What does happiness feel like? And what does a life fully lived look like?  20th Century Women dares to ask these critical questions, and is as funny as it is philosophical and emotional in its response.

It’s 1979, and divorced California mom Dorothea (Annette Bening) is struggling to find happiness and, more pressingly, raising her son Jamie (Lucas Jade Zumann). “Don’t you need a man to raise a man?” she wonders early in the film. Nonetheless, it’s the women in her life whose help she enlists, asking them to share their lives with Jamie, hoping that they can help keep him on the right path. Figuring prominently are Abbie (a fantastic Greta Gerwig), an artist and fellow boarder in the somewhat crumbling, unpretentious mansion in which Dorothea and Jamie live, and Julie (Elle Fanning), Jamie’s best friend – a sexually promiscuous, deeply contemplative 17-year-old.

Both agree, in their own ways, to help Dorothea raise Jamie, exposing him to the great struggles and triumphs of their lives. Abbie, a young photographer recovering from cervical cancer, is completely open with Jamie; she brings him to her oncology appointments, to ‘artsy’ parties, and makes him a cassette of songs she wished she’d had when she was his age. She even turns Jamie into a fledgling feminist, loaning him some of her favourite texts, including Our Bodies, Ourselves, leading Jamie to contemplate female sexuality and how it relates to his ability to be a good man.

Like Jamie, Julie struggles with questions of identity and experience. She also shares her life with him, describing her various sexual encounters to him as they lie together under the covers on his mattress — platonically, much to Jamie’s disappointment. As time passes, and Jamie garners experiences shown to him by Abbie and Julie, he begins a process of rebirth, ultimately emerging as a young adult with a budding identity, ready to experience the world. Simultaneously, Dorothea allows herself to be drawn to new experiences as fellow boarder William (Billy Crudup) shows her platonic love and understanding.

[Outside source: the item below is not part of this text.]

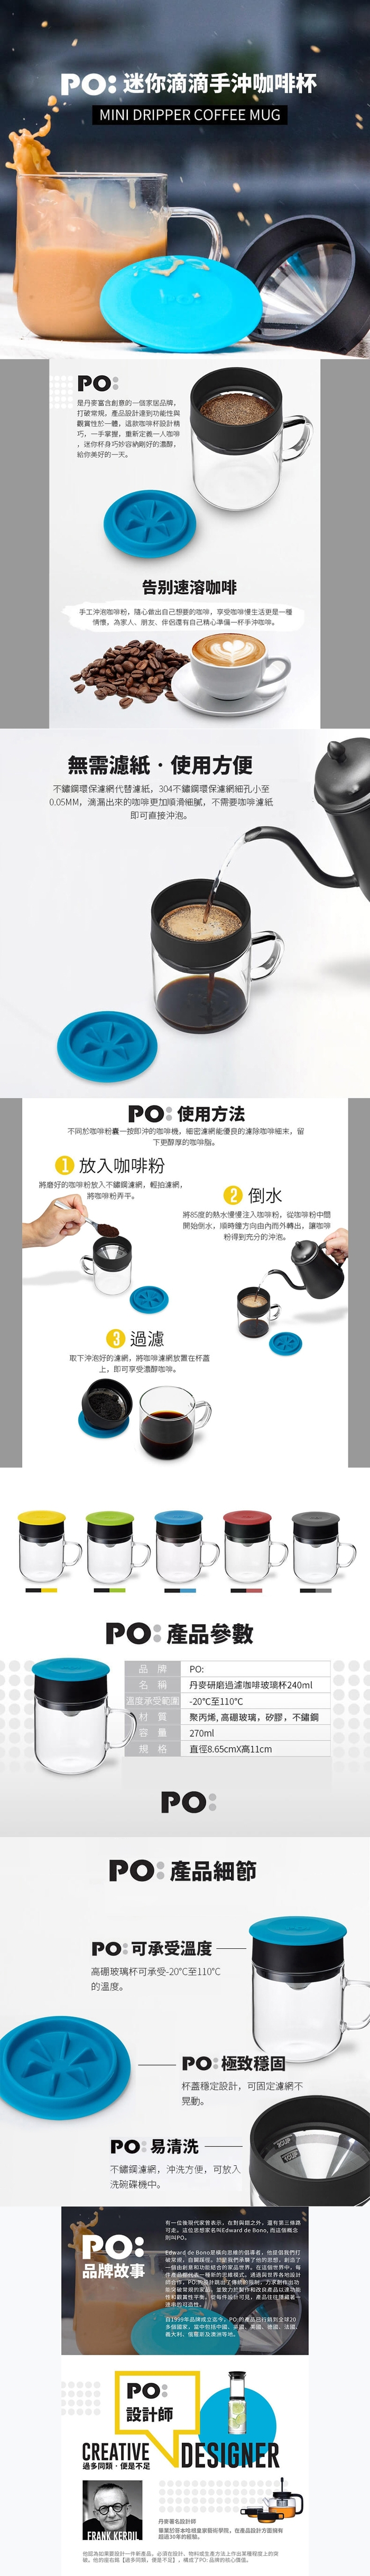 PO:Selected 丹麥DIY手沖咖啡二件組(手沖咖啡壺-灰/咖啡玻璃杯240ml-紅)

20th Century Women is a wonderful film that focuses on the importance of the present above all else. It uses life in the present as a way to look to the future, by presenting women at various stages of their lives, facing various personal struggles, and learning to overcome them with hope.

When Abbie finds out from her oncologist that it’s unlikely she’ll ever be able to have children, she comforts herself by saying “I’m going to be okay,” and immerses herself in the artistic world she loves.  At various points throughout the film, each character expresses the impossibility of imagining the future, and the importance of experiencing the present: William meditates, Abbie takes photographs, and Julie has sex, which, for her, is not about pleasure or indulgence, but about the minutiae of the experience.

The characters stumble through their lives, and allow Jamie and Dorothea in on this struggle. While acknowledging that life gets tough, the film maintains its positive, forward-looking nature to the very end. 20th Century Women’s message is that, no matter what the future holds, the key is to keep looking forward, not backward.